Want to build or improve a search experience? Start here.

Ask a software engineer: “How would you add search functionality to your product?” or “How do I build a search engine?” You’ll probably immediately hear back something like: “Oh, we’d just launch an ElasticSearch cluster. Search is easy these days.” But is it? Numerous current products still have suboptimal search experiences. Any true search expert will tell you that few engineers have a very deep understanding of how search engines work, knowledge that’s often needed to improve search quality.

Even though many open source software packages exist, and the research is vast, the knowledge around building solid search experiences is limited to a select few. Ironically, searching online for search-related expertise doesn’t yield any recent, thoughtful overviews.

Emoji Legend

❗ “Serious” gotcha: consequences of ignorance can be deadly
🔷 Especially notable idea or piece of technology
☁️ ️Cloud/SaaS
🍺 Open source / free software 
🦏 JavaScript
🐍 Python
☕ Java
🇨 C/C++

Why read this?

Think of this post as a collection of insights and resources that could help you to build search experiences. It can’t be a complete reference, of course, but hopefully we can improve it based on feedback (please comment or reach out!).

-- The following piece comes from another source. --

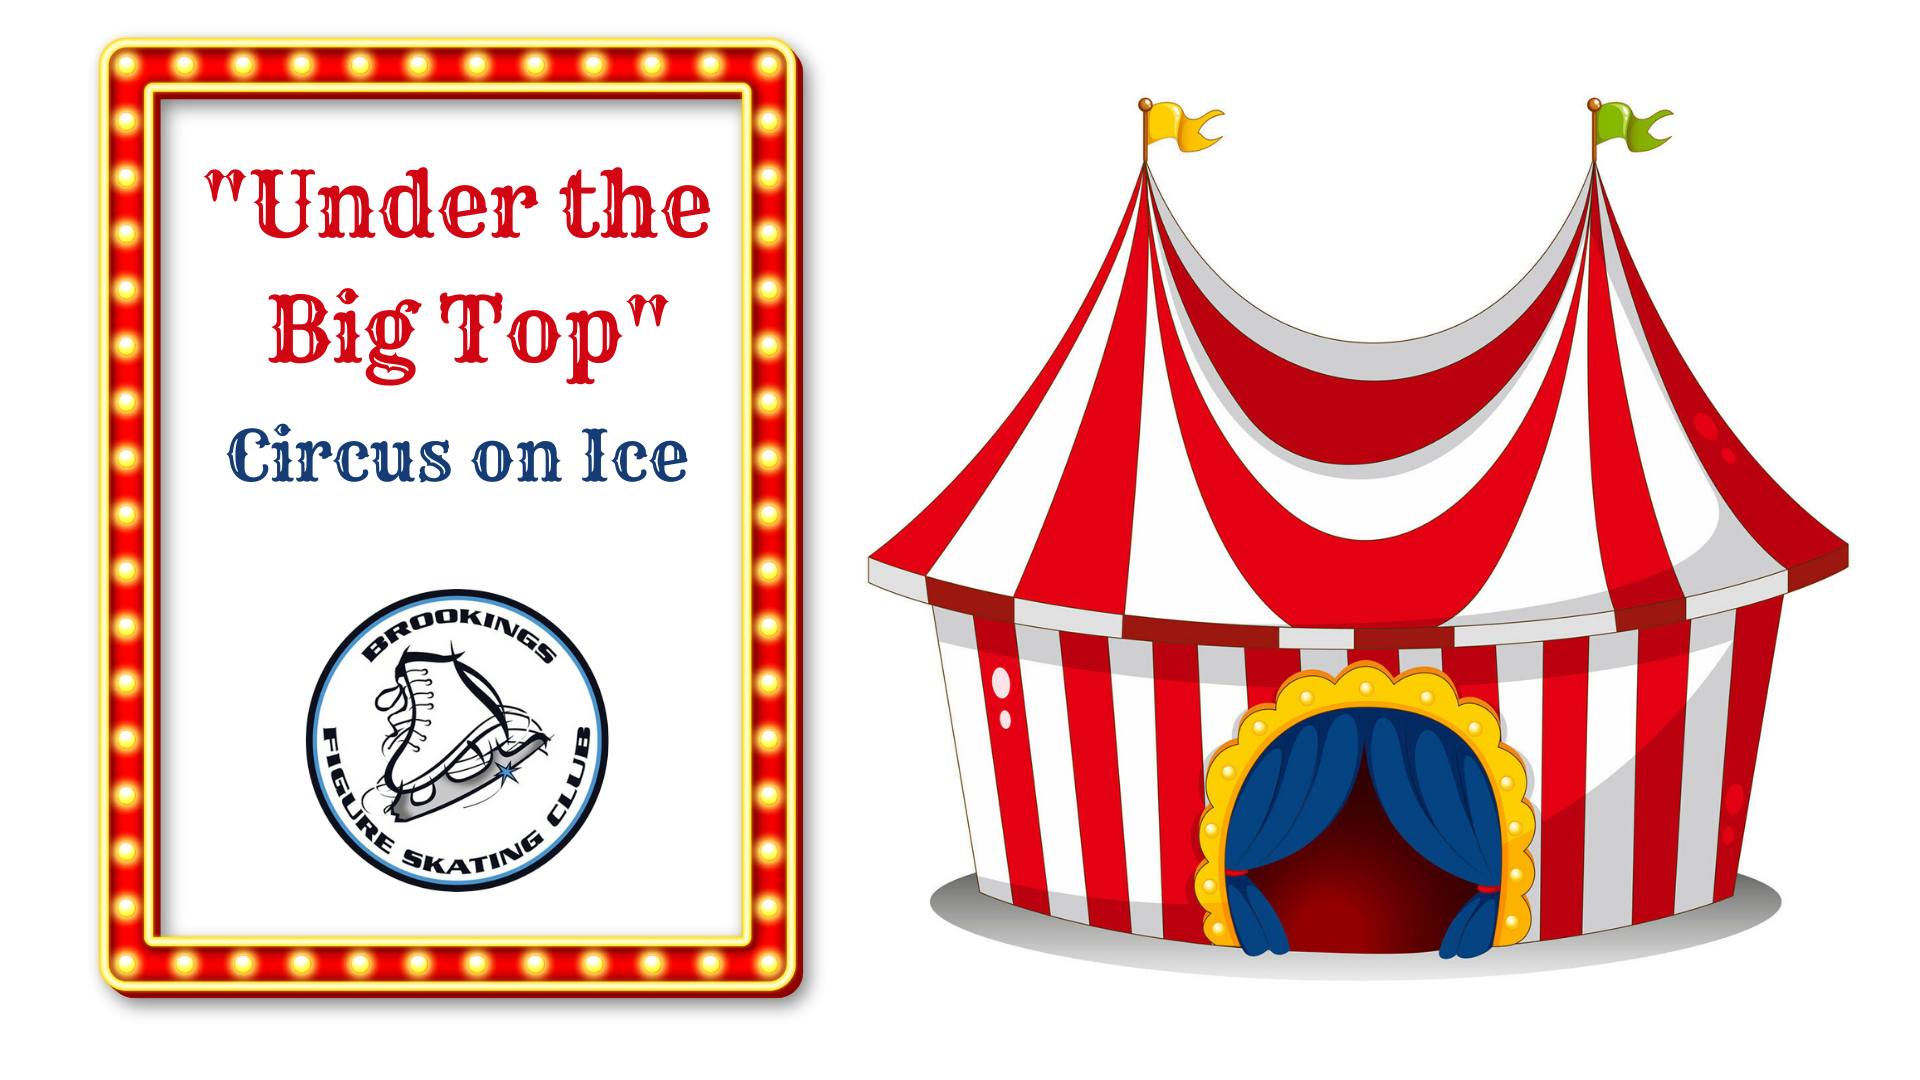 Annual Ice Show “Under the Big Top”

I’ll point at some of the most popular approaches, algorithms, techniques, and tools, based on my work on general purpose and niche search experiences of varying sizes at Google, Airbnb and several startups. ❗️Not appreciating or understanding the scope and complexity of search problems can lead to bad user experiences, wasted engineering effort, and product failure. If you’re impatient or already know a lot of this, you might find it useful to jump ahead to the tools and services sections.

Some philosophy

This is a long read. But most of what we cover has four underlying principles:

🔷 Search is an inherently messy problem:

Quality, metrics, and processes matter a lot:

Use existing technologies first:

❗️Even if you buy, know the details:

Theory: the search problem

Search is different for every product, and choices depend on many technical details of the requirements. It helps to identify the key parameters of your search problem:

  1. Size: How big is the corpus (a complete set of documents that need to be searched)? Is it thousands or billions of documents?
  2. Media: Are you searching through text, images, graphical relationships, or geospatial data?
  3. 🔷 Corpus control and quality: Are the sources for the documents under your control, or coming from a (potentially adversarial) third party? Are all the documents ready to be indexed or need to be cleaned up and selected?
  4. Indexing speed: Do you need real-time indexing, or is building indices in batch is fine?
  5. Query language: Are the queries structured, or you need to support unstructured ones?
  6. Query structure: Are your queries textual, images, sounds? Street addresses, record ids, people’s faces?
  7. Context-dependence: Do the results depend on who the user is, what is their history with the product, their geographical location, time of the day etc?
  8. Suggest support: Do you need to support incomplete queries?
  9. Latency: What are the serving latency requirements? 100 milliseconds or 100 seconds?
  10. Access control: Is it entirely public or should users only see a restricted subset of the documents?
  11. Compliance: Are there compliance or organizational limitations?
  12. Internationalization: Do you need to support documents with multilingual character sets or Unicode? (Hint: Always use UTF-8 unless you really know what you’re doing.) Do you need to support a multilingual corpus? Multilingual queries?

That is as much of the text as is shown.